Photo: MCV Photo.
Let me guess: Dyeing your hair pastel probably sounded like a great idea until two to three weeks later, when your locks morphed from mermaid-esque perfection to 50 shades of washed-out gray. It's tragic but inevitable. Most Crayola-hued hair color just isn't designed to last all that long. And, considering you probably had to lift your natural shade to get that cotton-candy color in the first place, you now face an uphill battle of managing both the bleach-related damage and the quickly fading pastel.
Justin Anderson, Pravana guest artist at the Chris McMillan Salon (and the colorist behind the pastel hair of Kelly Osbourne and Ireland Baldwin), says, "In order to get the true pastel tones that you desire, you must have a near-white canvas to color over." But, while the bleach part is unavoidable, the potential damage is: Anderson recommends that you start prepping your hair two weeks before your color service to make sure it doesn't totally ruin your locks. During those two weeks, he says, "Don't over-style it, and put an oil through your ends as frequently as possible."
Once it's time to take the plunge, Ian Michael Black, Aveda global artistic director for hair color, says to make sure your colorist is using what he calls a mantra of "slow and low." He explains, "Lightening your hair can be one of the most damaging things you can do, so always use a low volume of peroxide with your lightening product, and lighten slowly to preserve the condition of your hair."
Creating that "near-white canvas" is permanent, whereas the pastel you're putting over it isn't. Luckily, when it comes to pastel hair color, Black says, "The dyes are usually mixed with very low or no peroxide, so they're safe to apply frequently." So, once you've got your bleached-out base, it's fine to go ahead and put that baby blue in as frequently as necessary. Anderson agrees: "If you are just refreshing the color that you already have, you should be able to do it every couple of weeks with no problem."
However, if frequently getting your hair re-dyed isn't something you're excited about/have time for, there are a few things you can do make it last longer. Anderson says to avoid over-washing your hair, and use a color-safe shampoo like Pravana's Vivids Color Protect Shampoo and Conditioner when you do. He adds, "Hot water opens up the hair cuticle and releases the color pigment from the hair. I know it doesn't sound very relaxing, but I recommend using cool water when rinsing your shampoo and conditioner."
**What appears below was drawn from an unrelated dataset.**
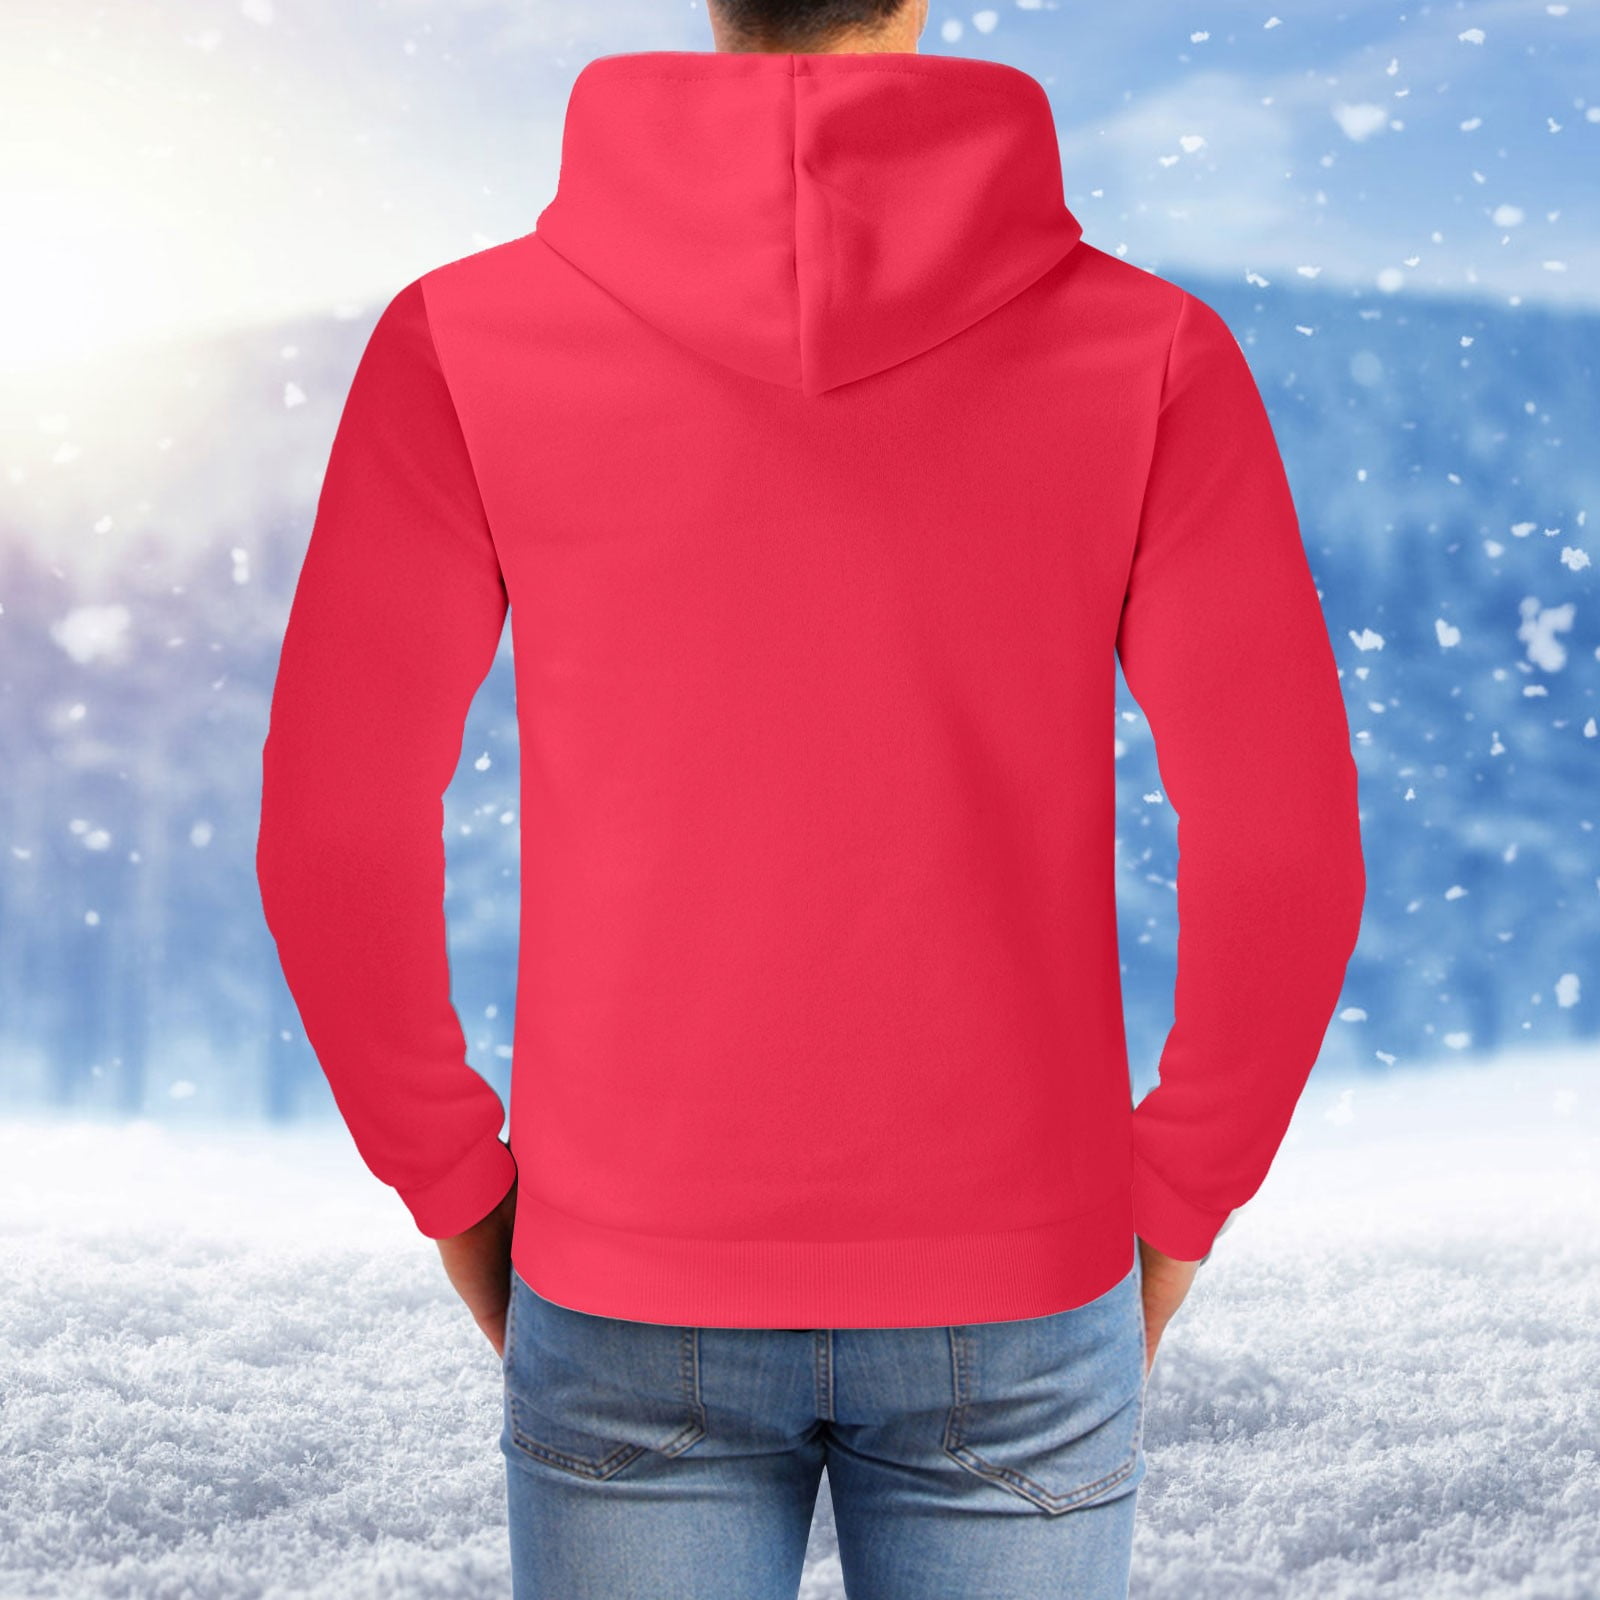 LEEy-world Hoodies For Men Full Zip Men's Zip Up Hoodie Heavyweight Lined  Jacket Wool Warm Thick Winter Coat Sweatshirt Red,XXL

The alternative to the cold-shower-or-nothing approach is to wash your hair with products that deposit color; that way, washing it actually puts color back in rather than fading it. Brands like Overtone have daily conditioners in a rainbow of colors and intensities that do just that.
So, while the effort that goes into pastel hair means you'll never have an honestly #WokeUpLikeThis style, it can definitely continue to look healthy and vibrant long after your salon appointment. And, at the end of the day, isn't that what counts?